■ Exercise goal
From the line with "men's rain boots" to the line with "1/4 GULDEN 1967", output every line below exactly, both ends included. Skip the pictures.

■ Data supplied
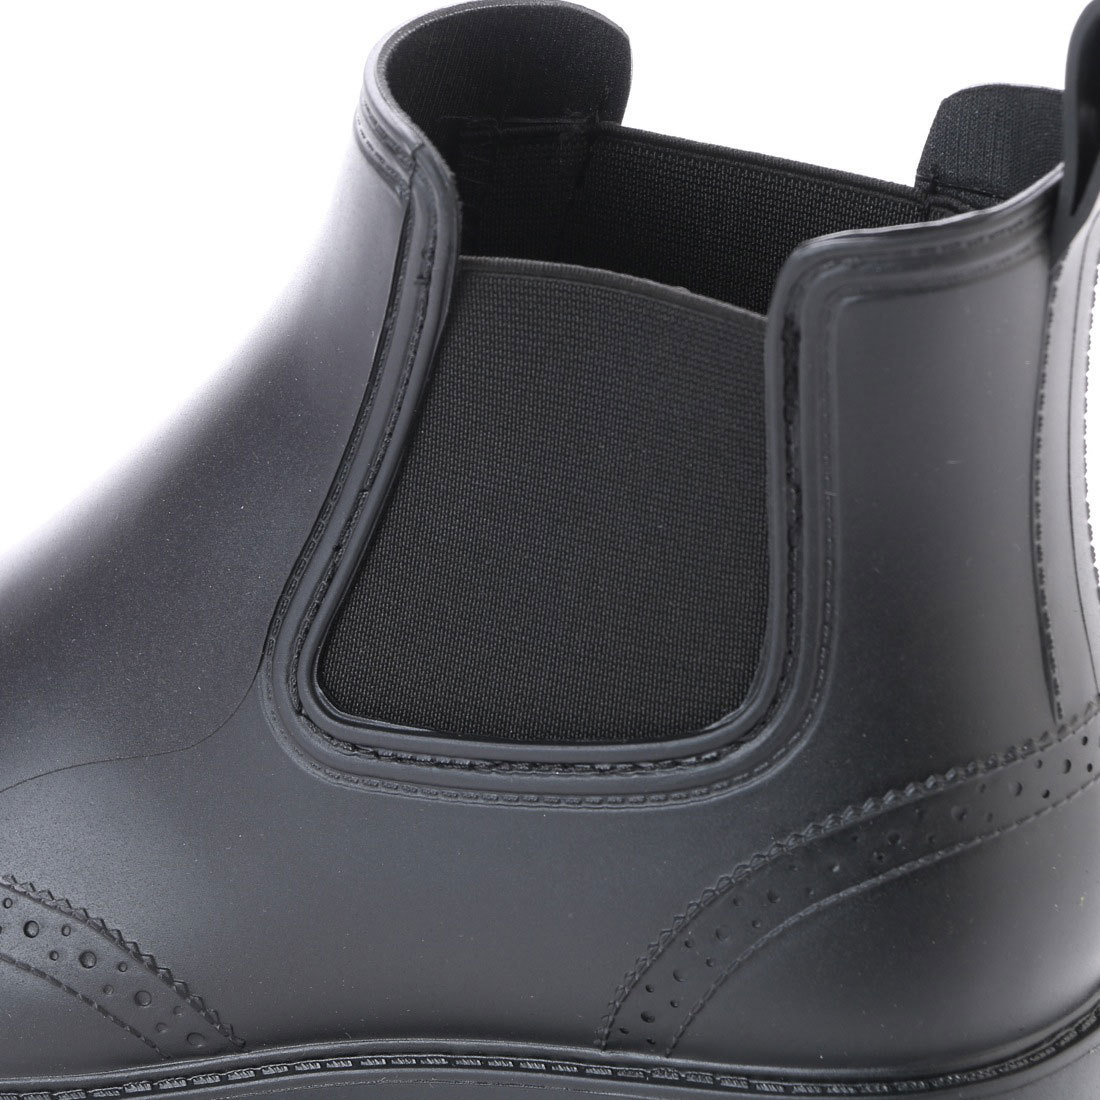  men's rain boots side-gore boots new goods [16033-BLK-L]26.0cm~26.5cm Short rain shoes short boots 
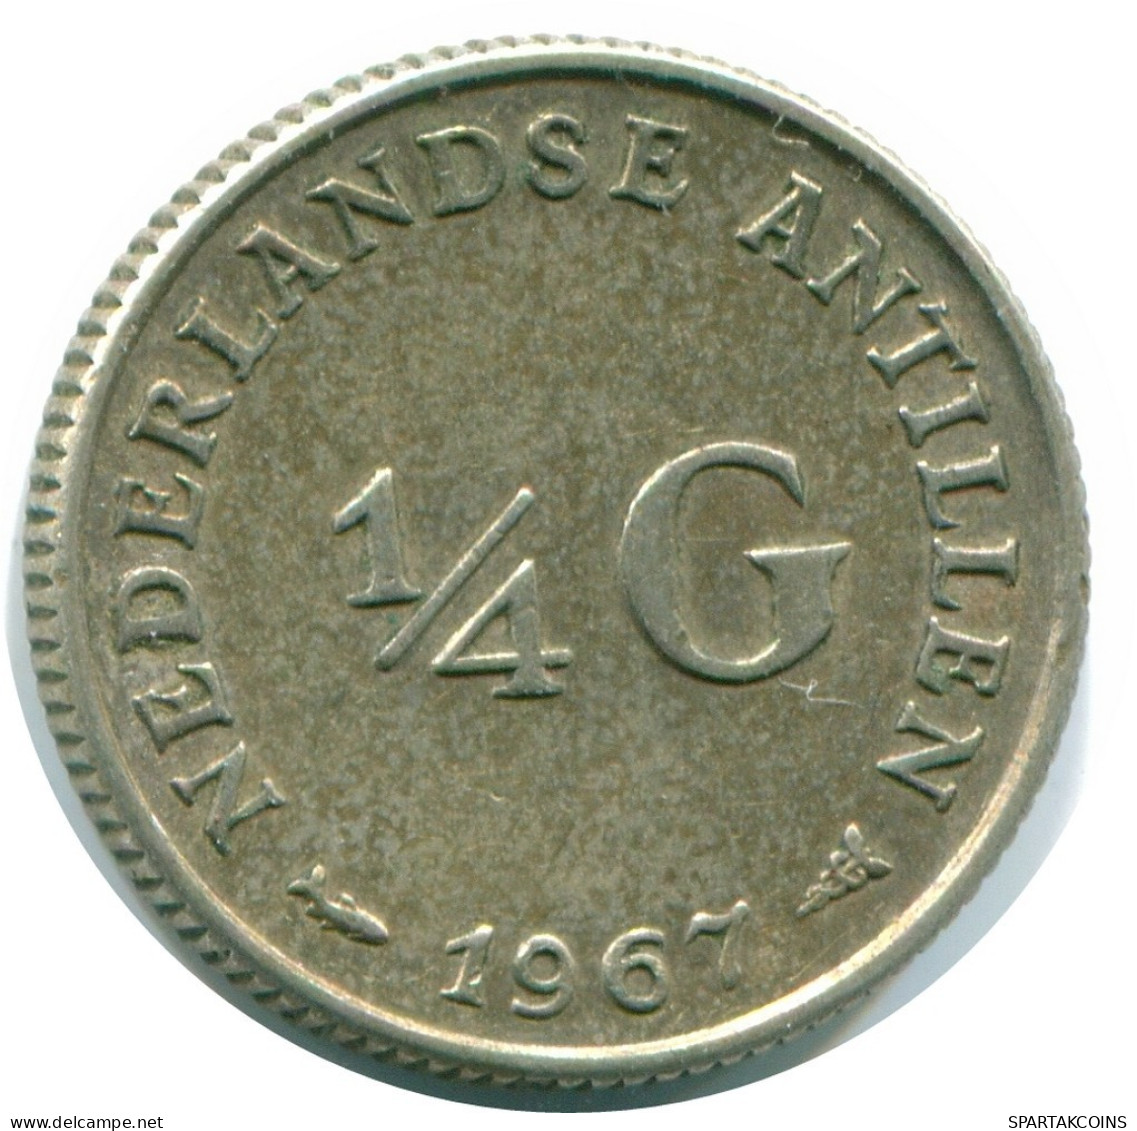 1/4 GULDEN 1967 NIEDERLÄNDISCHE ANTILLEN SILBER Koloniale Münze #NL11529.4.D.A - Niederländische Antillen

---

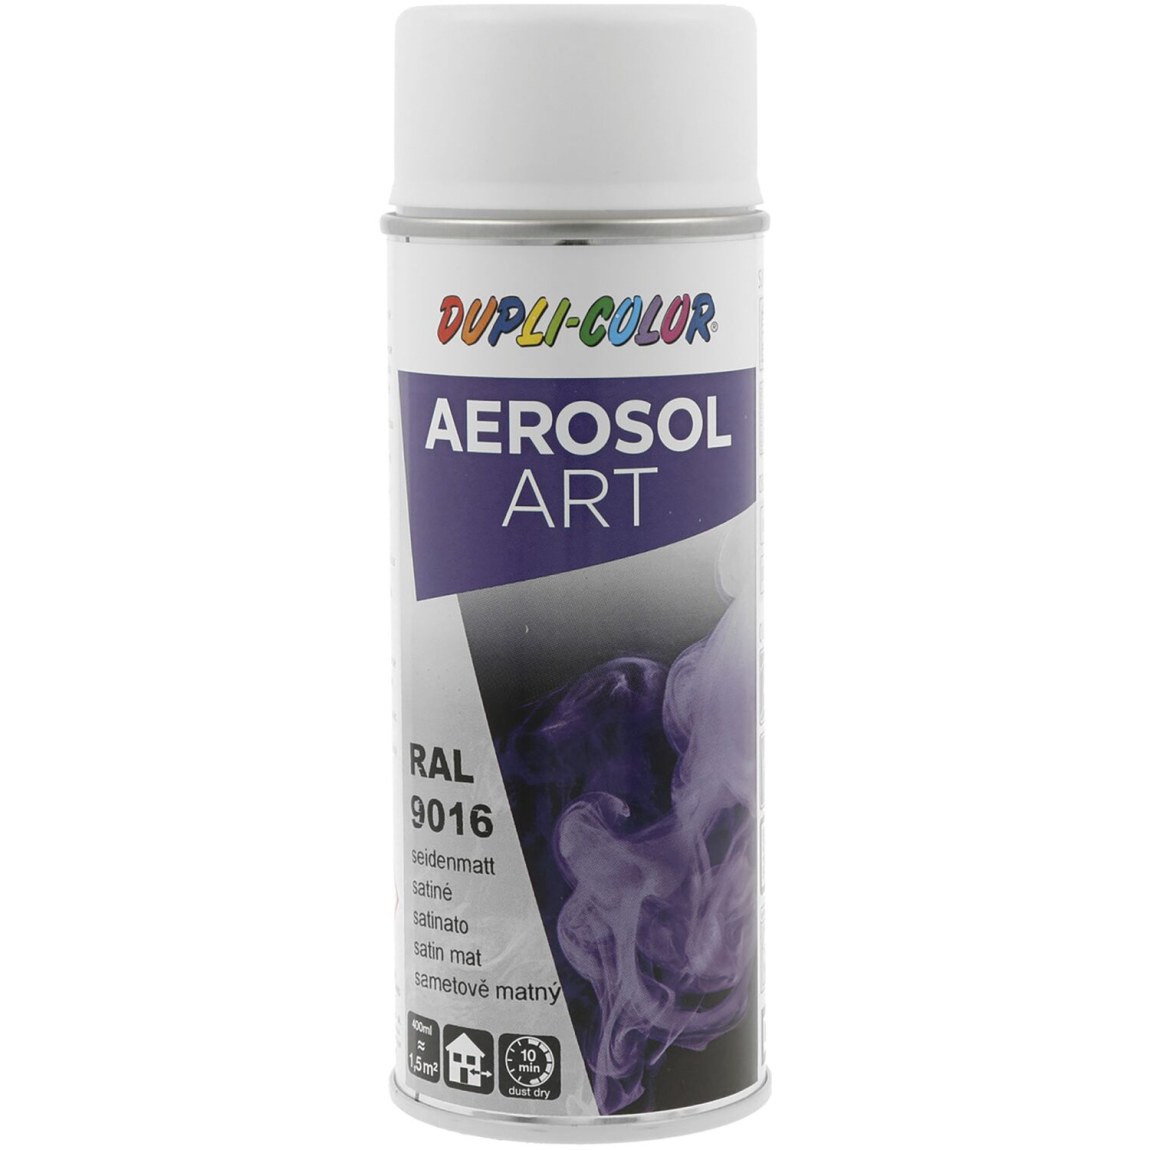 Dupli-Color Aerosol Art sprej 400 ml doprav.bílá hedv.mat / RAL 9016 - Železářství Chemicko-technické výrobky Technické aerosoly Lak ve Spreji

* * *

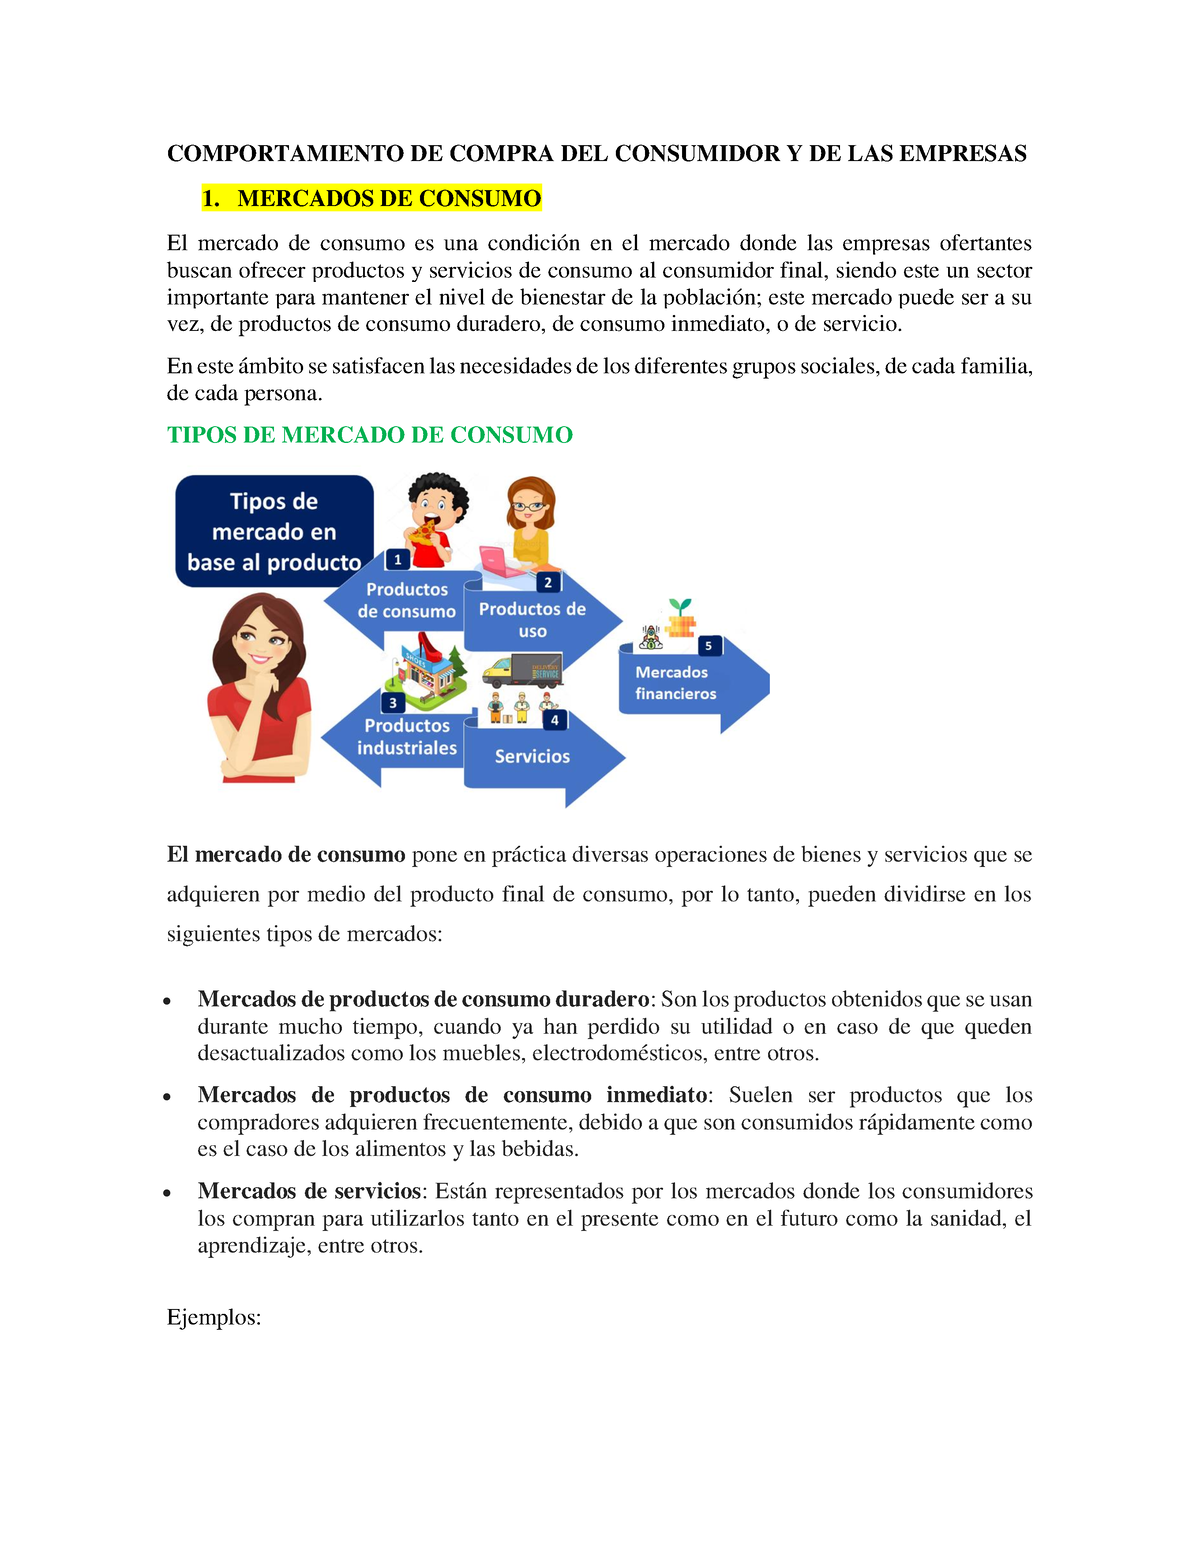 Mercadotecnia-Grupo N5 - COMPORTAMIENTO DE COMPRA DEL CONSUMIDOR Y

■ The completed task
  men's rain boots side-gore boots new goods [16033-BLK-L]26.0cm~26.5cm Short rain shoes short boots 
 1/4 GULDEN 1967 NIEDERLÄNDISCHE ANTILLEN SILBER Koloniale Münze #NL11529.4.D.A - Niederländische Antillen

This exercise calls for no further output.